Embora os efeitos do álcool no corpo humano sejam conhecidos há milênios, a escala industrial da produção e distribuição de bebidas alcoólicas confere nova e complicada dimensão à questão de seu consumo. Em nossa sociedade contemporânea, comemorar envolve embriaguez. Socializar envolve embriaguez. O patrocínio do esporte envolve embriaguez, o financiamento da cultura, idem. Fica a noção de que a alegria e a conquista estão diretamente associadas ao consumo de álcool. Estamos tão acostumados a esse fato que tentativas de regulação desse setor são encaradas com antipatia e explosões de irracionalismo.

De acordo com levantamento da Vital Strategies a partir de dados extraídos do Sistemas de Informações sobre Mortalidade, do Ministério da Saúde, o aumento no consumo de bebidas alcoólicas durante a pandemia levou, na cidade de São Paulo, por exemplo, a um crescimento de 150% de mortes por transtornos mentais ou comportamentais. No estado, o salto foi de 64,5% e no país de 18,4%. Já a Pesquisa Nacional de Saúde do Escolar (PeNSE) de 2019, mostrou que quase metade dos adolescentes já consumiu bebida alcoólica. Vale destacar que, para fins da legislação que controla a publicidade e propaganda de bebidas alcoólicas, cerveja, ices e outras bebidas com menor teor alcoólico não se enquadram na categoria de álcool. Na prática, isso as isenta de qualquer regulação apropriada dessas ações.

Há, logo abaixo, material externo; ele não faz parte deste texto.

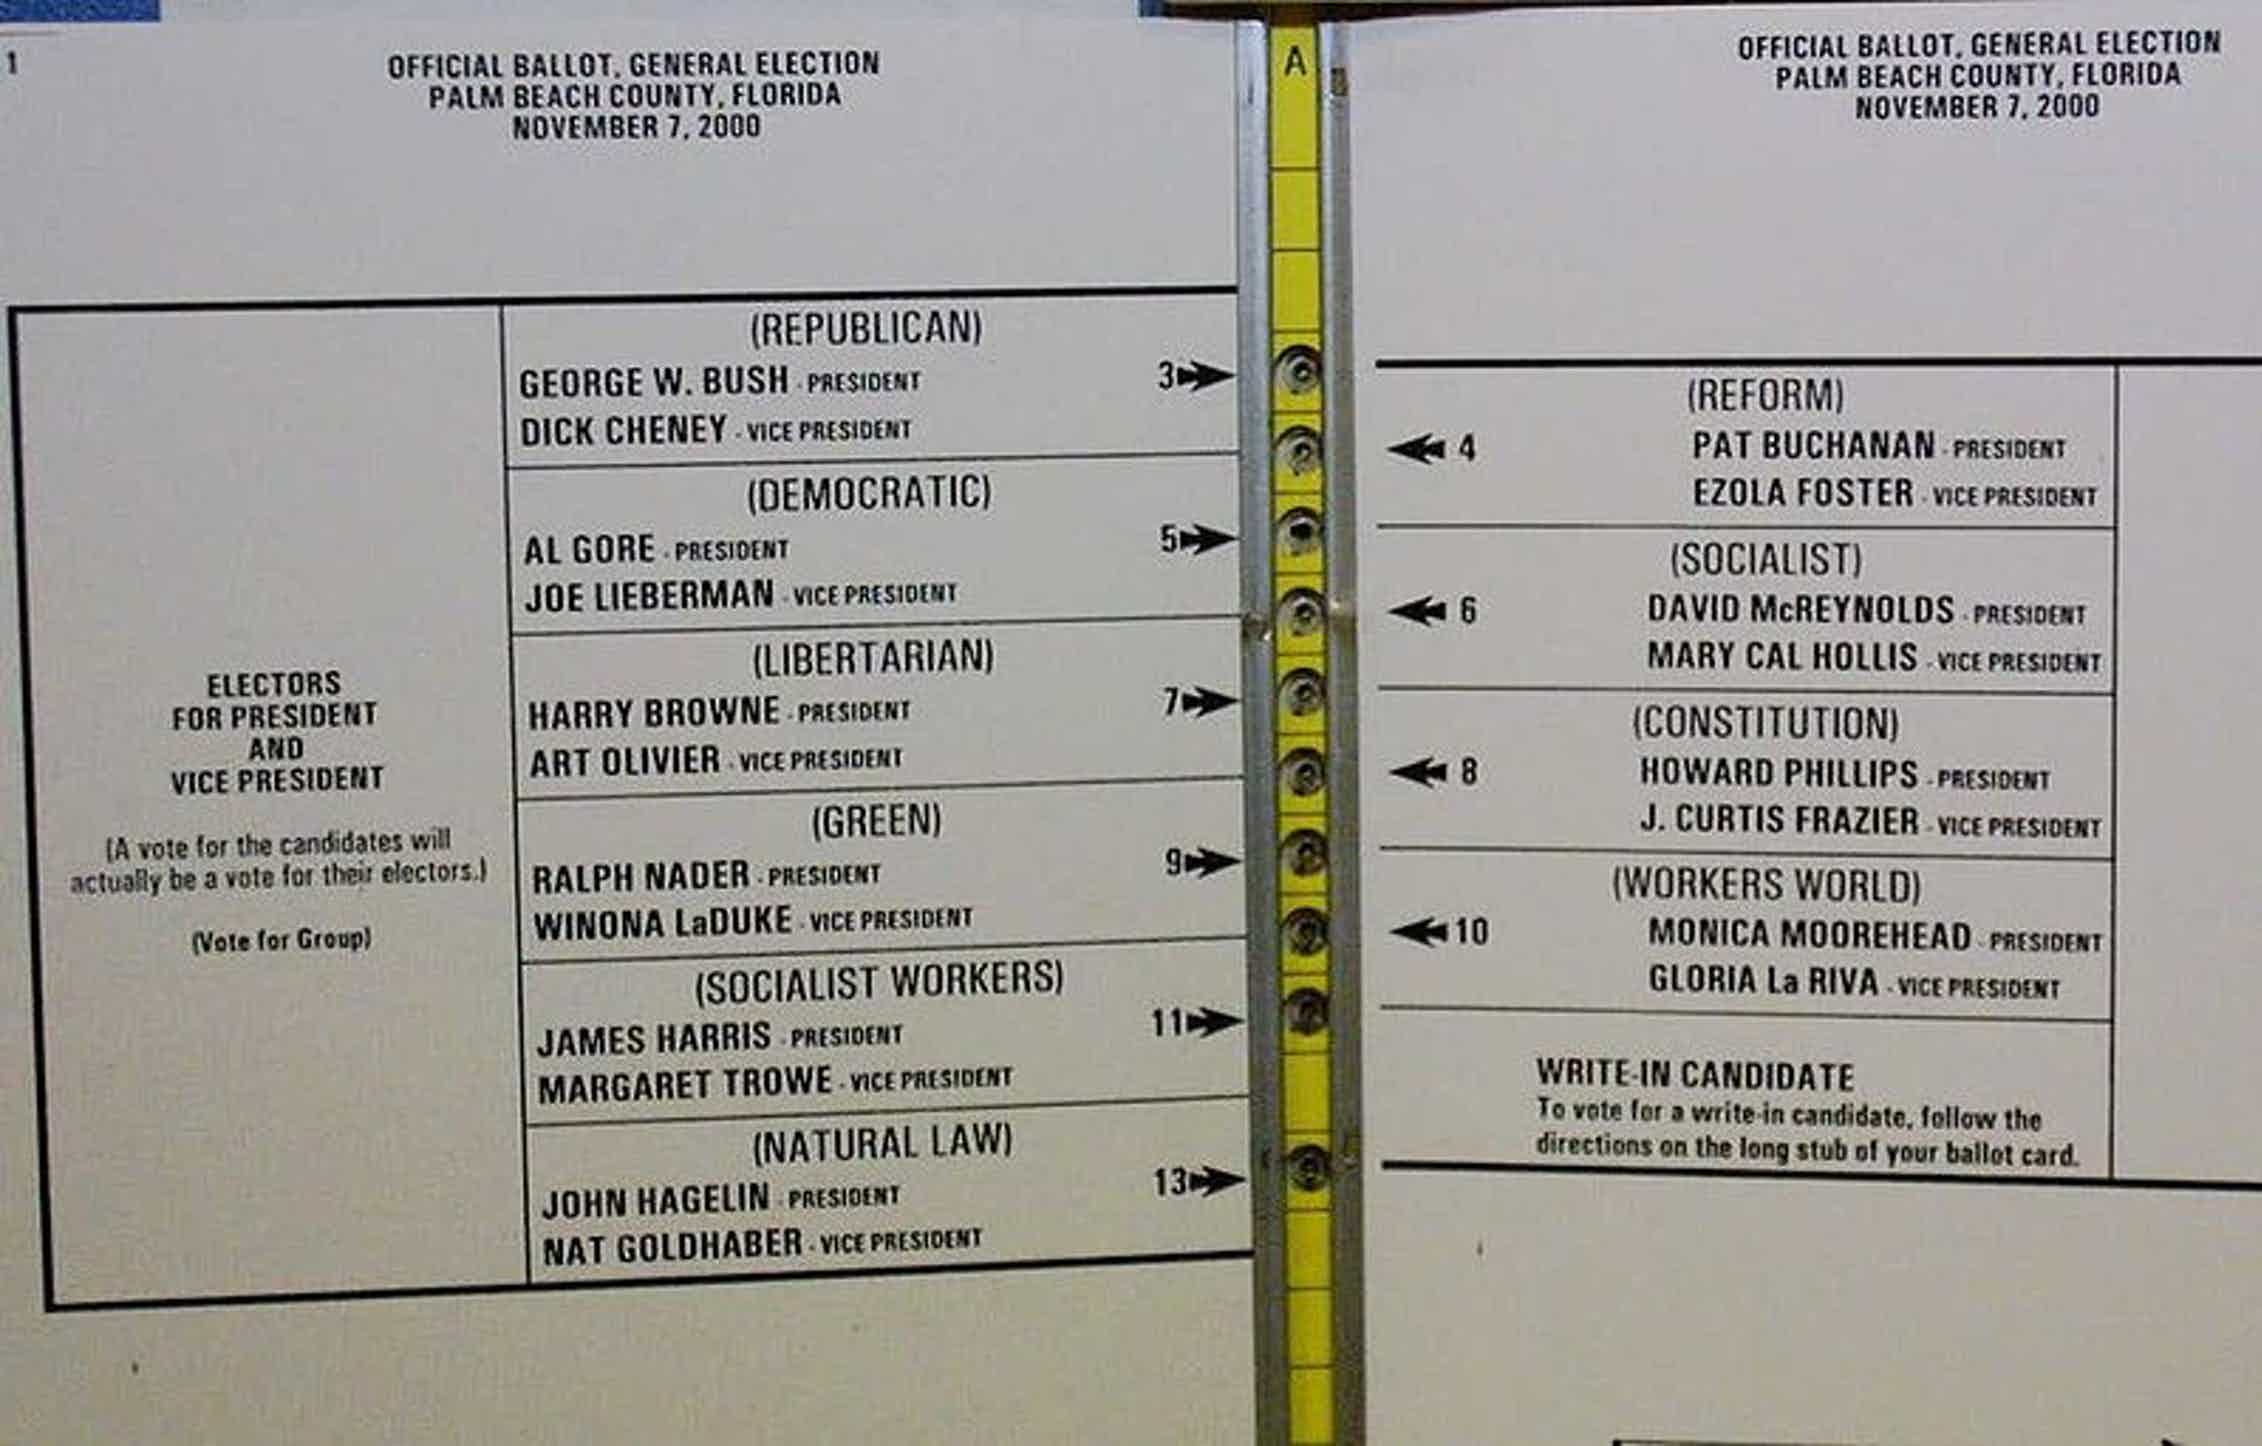 La papeleta mariposa de Florida confundió a varios votantes, que terminaron votando por el candidato del Partido Reformista Pat Buchanan pensando que lo hacían por el candidato demócrata Al Gore. Wikimedia Commons

TRIBUTAÇÃO SELETIVA É UM AVANÇO PARA REDUZIR CONSUMO ABUSIVO DE BEBIDAS ALCOÓLICAS

A tributação seletiva sobre todas as formas de bebidas alcoólicas é comprovada por estudos do Banco Mundial, ratificados pela OMS, como a medida mais custo-efetiva para reduzir a prevalência do seu consumo de forma danosa. Sua adoção ainda seria capaz de arrecadar recursos para ações de prevenção e tratamento de saúde, financiando importante pilar do desenvolvimento sustentável. Em um momento em que a ministra da Saúde, Nísia Trindade, reforça o comprometimento do governo federal com os Objetivos de Desenvolvimento Sustentável da Organização das Nações Unidas (ONU), o caminho da tributação seletiva do álcool é um passo necessário para comprovar tal compromisso. As discussões em andamento sobre a reforma tributária possibilitam a aprovação de medidas concretas nesse sentido.

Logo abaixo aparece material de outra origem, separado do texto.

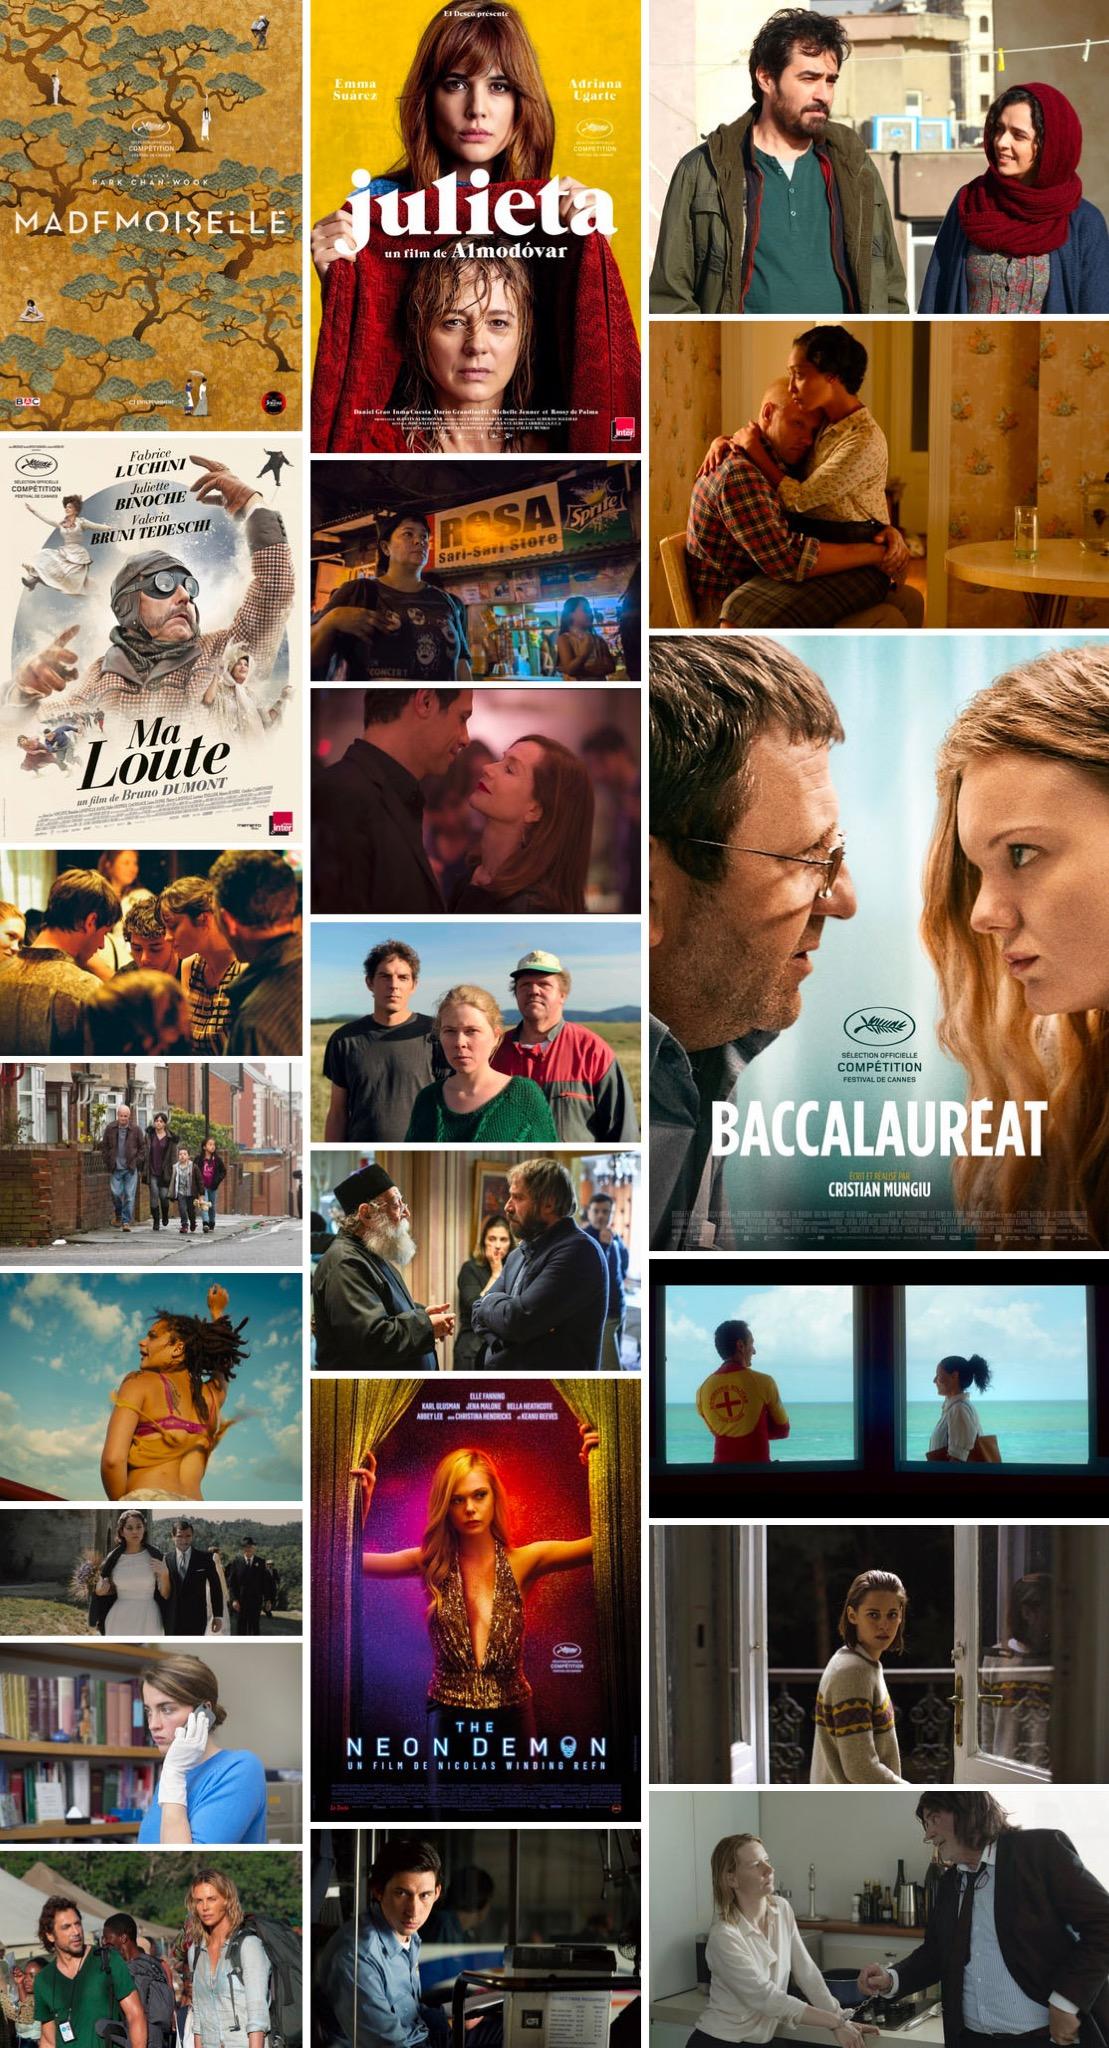 festival de cannes 2016 - films competition officielle

E antes que haja o retorno do argumento de que haveria desemprego na indústria, lembremos das horas de produtividade desperdiçadas por ressaca, doença, dos acidentes de trânsito, das violências e das milhares de mortes que poderiam ser evitadas todos os anos, se houvesse um consumo de álcool mais consciente e reduzido. Portanto, para que o respeito a essa histórica substância psicotrópica seja recuperado, honestidade e controle, que podem ser promovidos por meio da tributação majorada, são o caminho adequado para a maturidade, tanto social quanto individual, na trilha do desenvolvimento sustentável.

Claudio Fernandes é economista sênior do GT Agenda 2030; Laura Cury é coordenadora do projeto álcool da ACT Promoção da Saúde.